慶長11年(1606)には城が完成し、翌年、地名を、それまでの「隈本」から「熊本」に改め、城の名も熊本城となった。清正は前任者・佐々成政の轍を踏むまいと、領民に寄り添った領国経営(領内の治水、干拓事業などなど)を心掛け、後年、熊本県民からは「清正公さん」と呼ばれ、親しまれた。
清正は前述のように、「関が原」こそ、反・石田三成の立場に拠ったが、それ以外は生涯、豊臣恩顧の武将としての立場を弁え、秀吉、於ね、淀殿、秀頼に尽くし切った男だった。それもあって、家康の時代になっても清正は、家康から一定以上の信頼を得た人物だった(肥後一国の大大名の地位のほかにも、清正の次女・八十姫の夫は、家康の10男。彼は、ご三家・紀伊藩の初代藩主の頼宣である)。
その清正の最晩年の最大イベントが、いわゆる「二条城の会見」であった。当時、将軍職を秀忠に譲り、自分は駿府に隠居していた家康が、後水尾天皇即位の式に参列するため京都に赴いた際、秀吉の遺児、秀頼に会った、というイベントである。実はこの試みはその6年前にも提案されていたのだが、淀殿の方が断ってきていた。
今回も、淀殿は秀頼の身を案じ難色を示したが、「今回も拒否なさると、これは関東(家康)との武力衝突にもなりかねませぬ」という側近の強い説得と、清正の、「秀頼さまは、我が身を挺してお守り申しあげます」という言葉におされて、しぶしぶ承諾し、実現したものだった。この時の秀頼の立ち居振る舞いは実に見事だったという。清正は、万一の折にと、懐に隠していた剣を抜くことはなかった。秀頼のあまりの凛々しい成長ぶりに、それまで、秀頼を、大坂城や伏見城の奥深くで育った「深窓のボンボン」くらいにしか思っていなかった家康は大いに焦った。徳川の一族支配のためには、一刻も早い秀頼排除が必要だと思った。それが、あの、大坂の陣につながっていく。

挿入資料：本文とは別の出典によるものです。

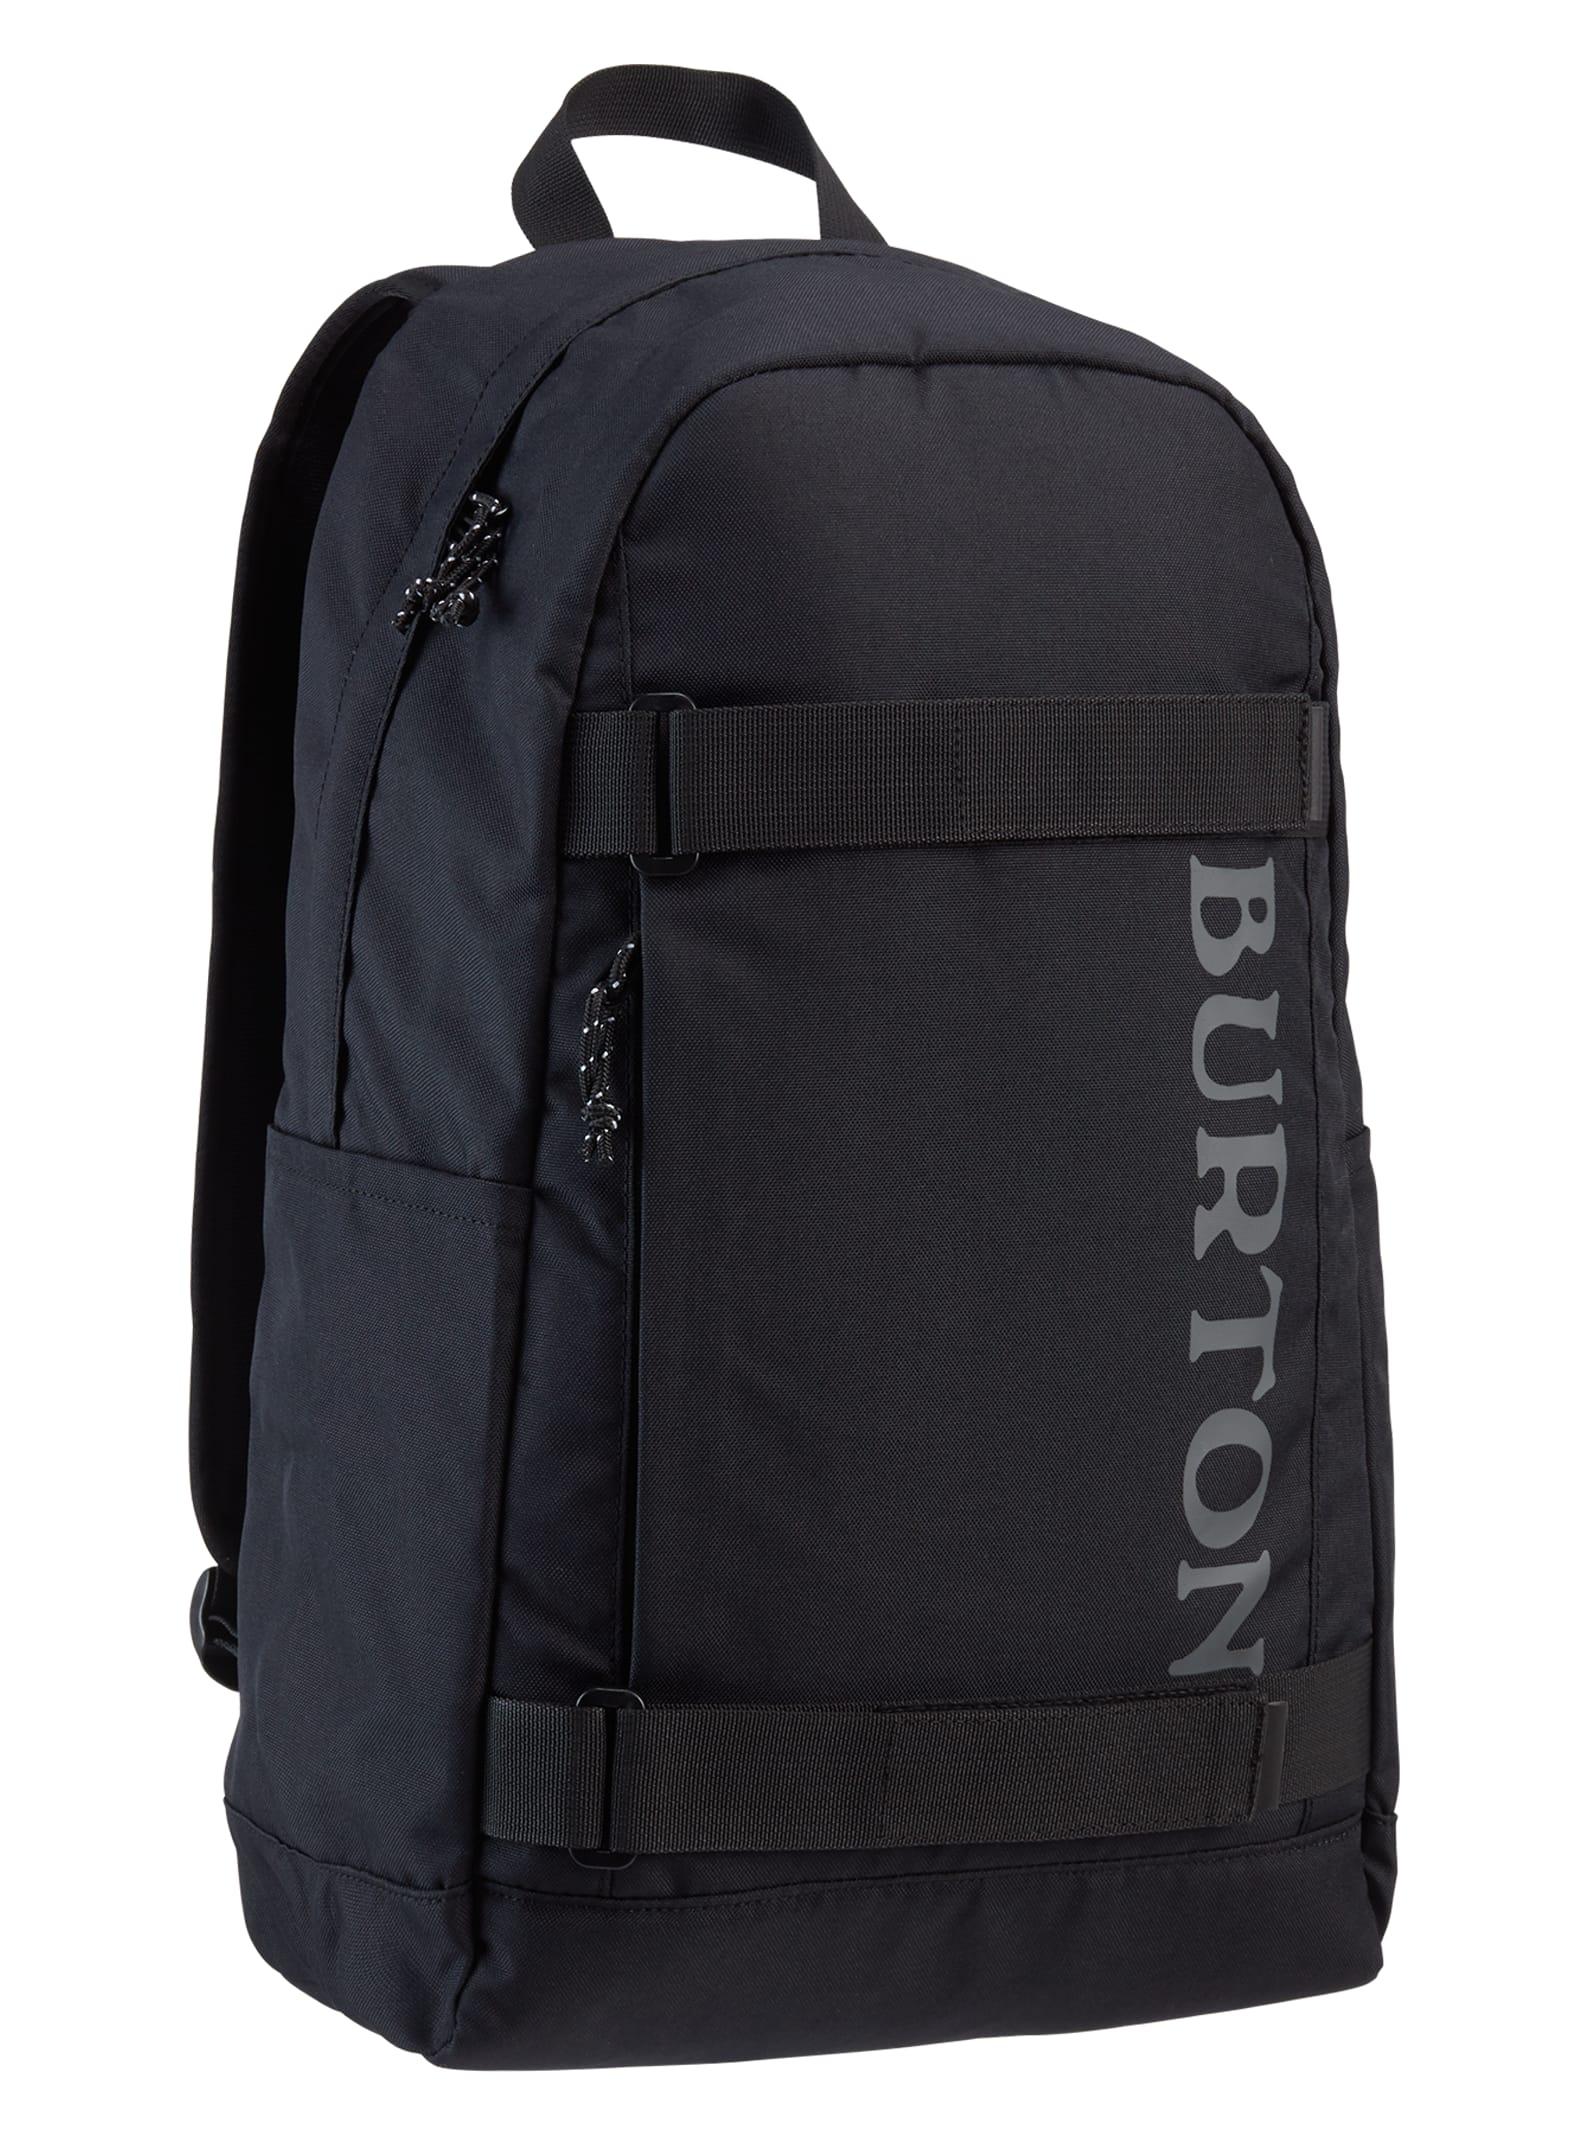 Burton Emphasis 2.0 Zaino Unisex Adulto Barren Camo Print

上々の首尾で会見を終えた秀頼を、大坂城の淀殿のもとに送り届けた清正は、その直後、意気揚々と領国の肥後に戻る途中、船の中で急死した(と言われている)。もっとも、この「死」には、いっぱいの解説・怪説がある。例えば、「二条城での彼の食事に毒が入っていたとか、秀頼用に出されたのを役目柄、毒見したためだったとか、イヤ食事ではなくおやつに出された饅頭に毒が盛られていたのだとか、いやいや直接の死因は毒ではなく、持病の難病のせいだった」とか、まあまあ、まことに賑やかなことである。この清正の死は、二条城会見に同席した、秀吉側の浅野幸長や池田輝政の死とほぼ同じ時期で、三人とも突然、だったことから周囲は驚いた。家康がどんなに清正を厚遇しようとも、清正は秀吉の股肱の臣だったのだから、心底、心を許してはいなかったのだとか、あれは秀頼排除にはっきり舵を切った家康の実行行動の第一歩だったのだとか、様々な憶測を呼ぶことになる。
清正の命日は慶長16年(1611)6月24日。 因みに誕生日も、同じ6月24日(永禄5年・ 1562)である。